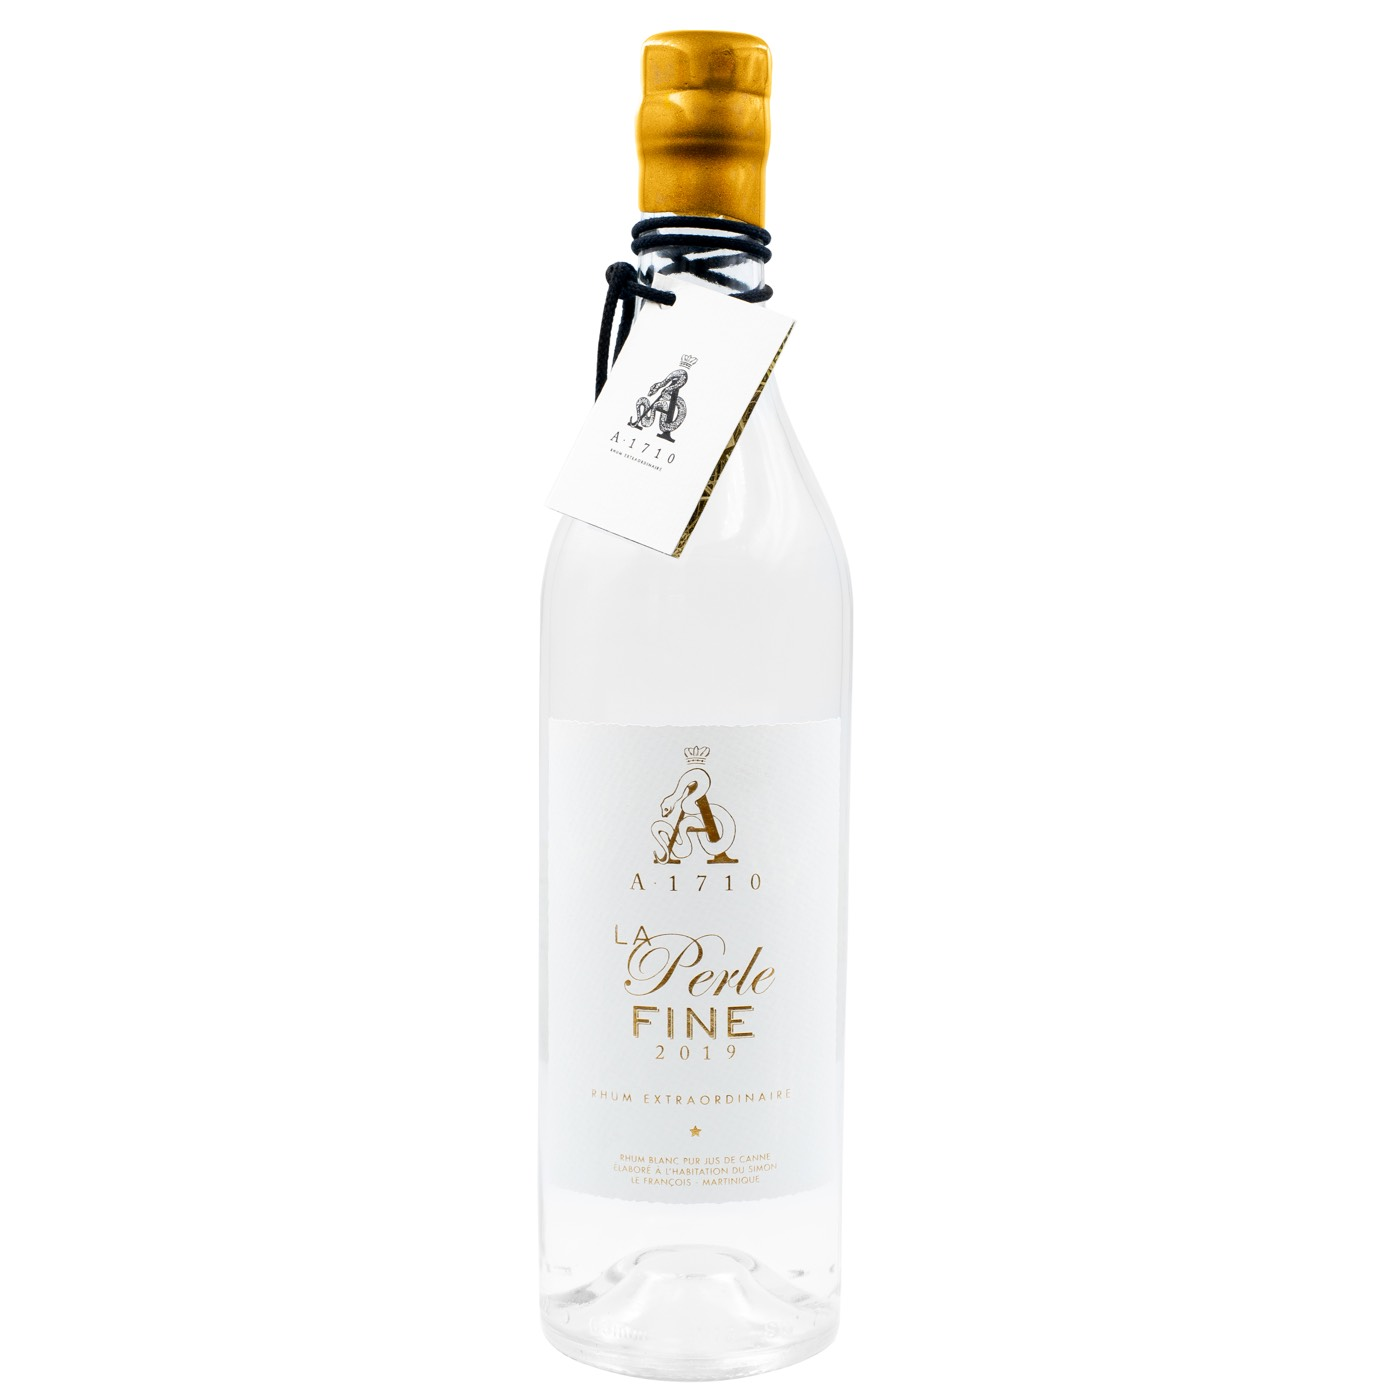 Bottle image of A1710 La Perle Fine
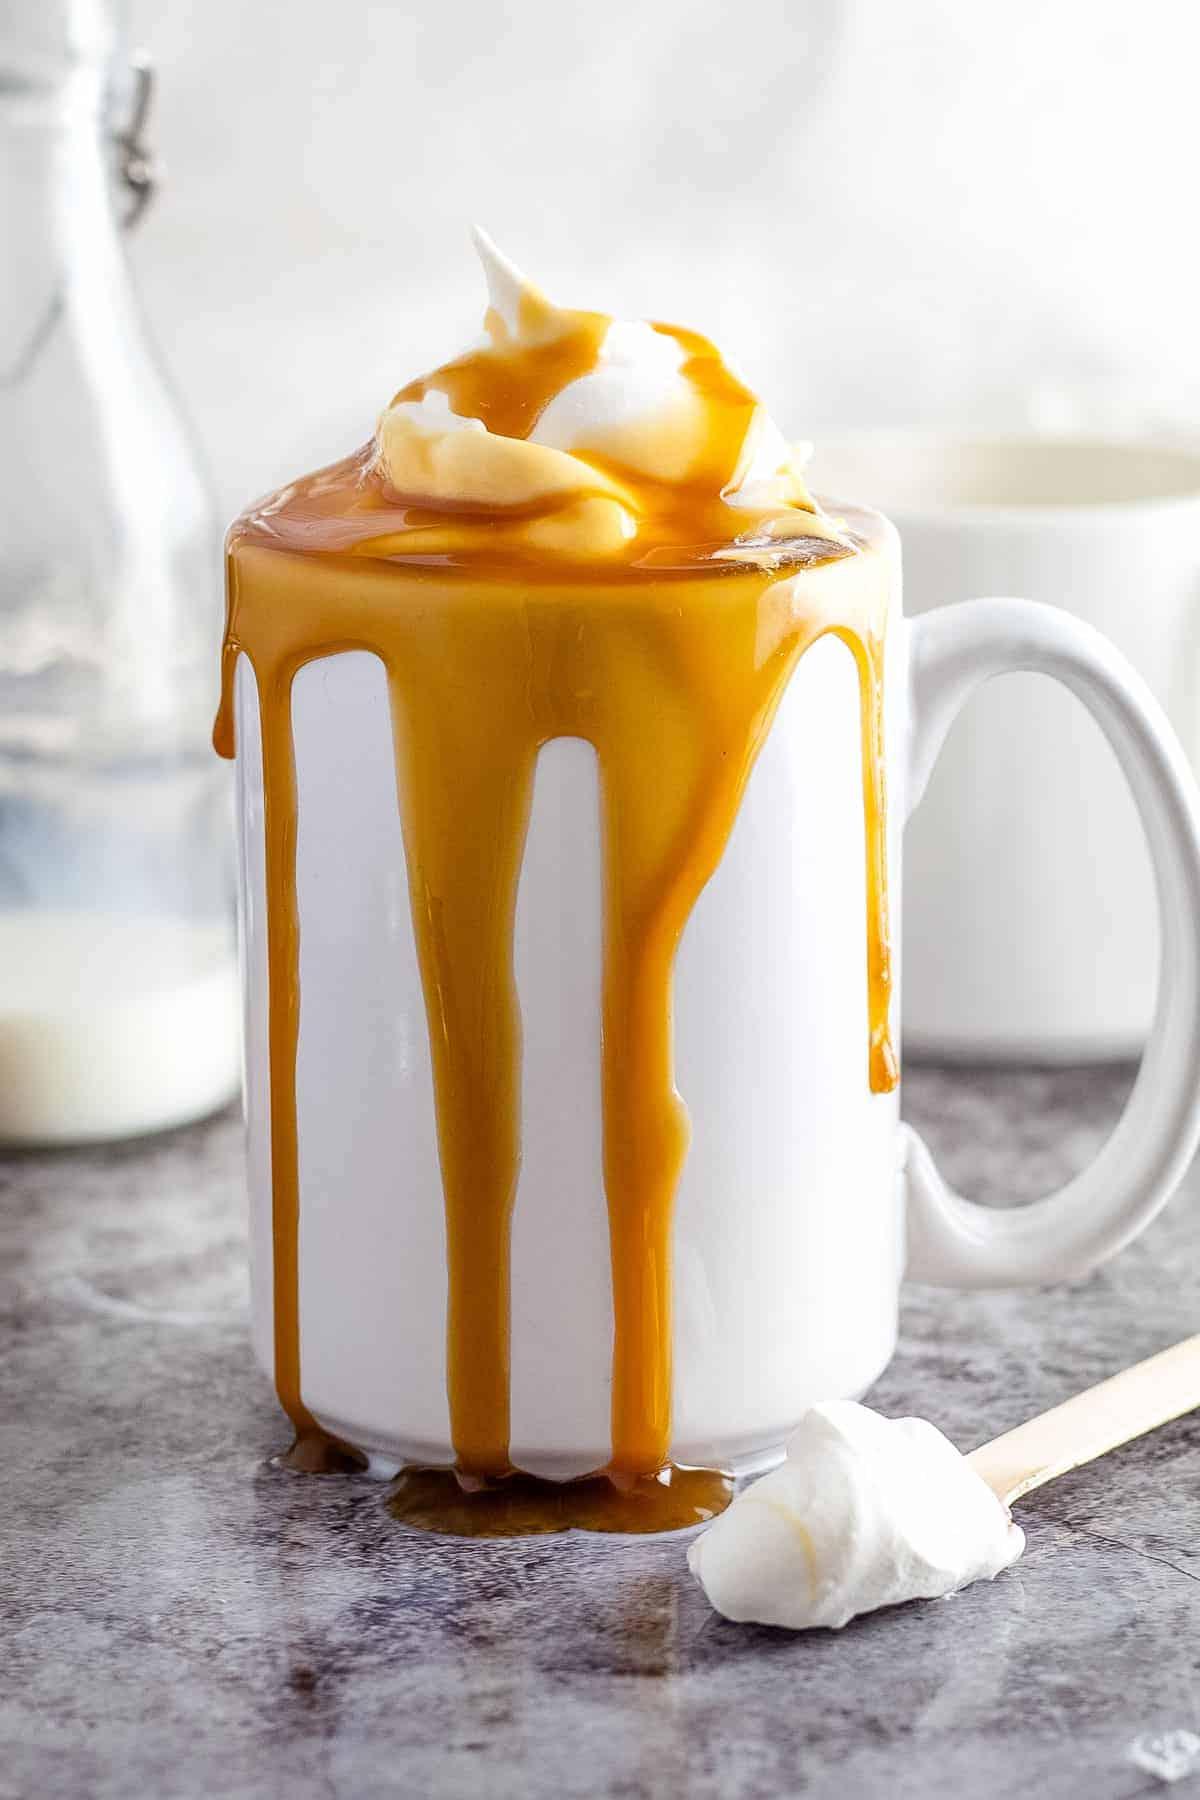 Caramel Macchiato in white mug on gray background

==

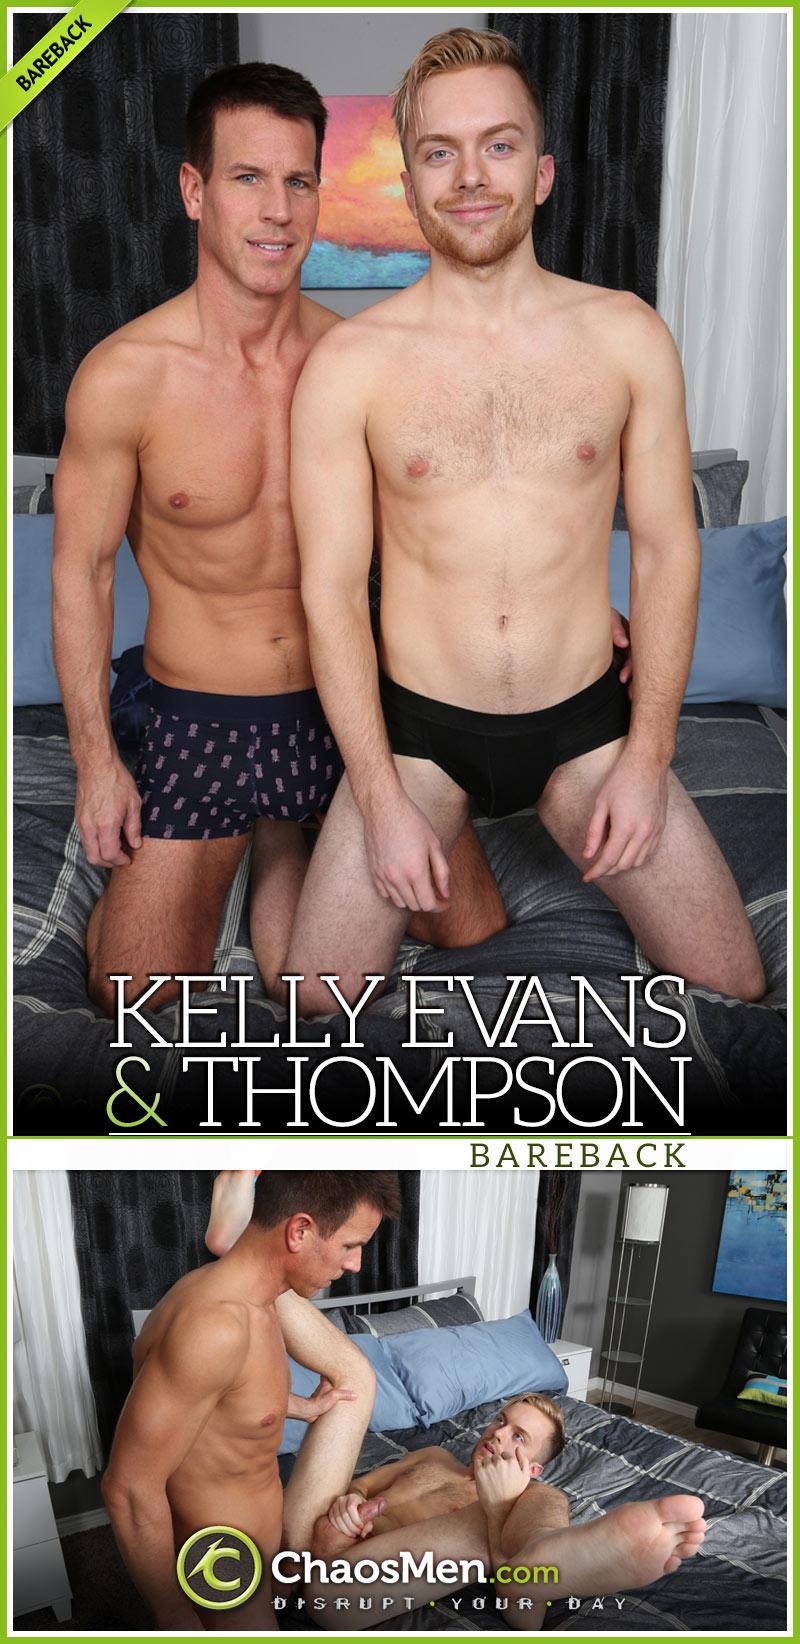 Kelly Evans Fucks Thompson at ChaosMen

_Your assignment_
Only the lines starting at the one with "Bottle image of A1710 La Perle Fine" and ending at the one with "Caramel Macchiato in" should be printed, each exactly as it appears in the material above; the pictures are to be omitted.

_Exercise output_
 Bottle image of A1710 La Perle Fine
 Caramel Macchiato in white mug on gray background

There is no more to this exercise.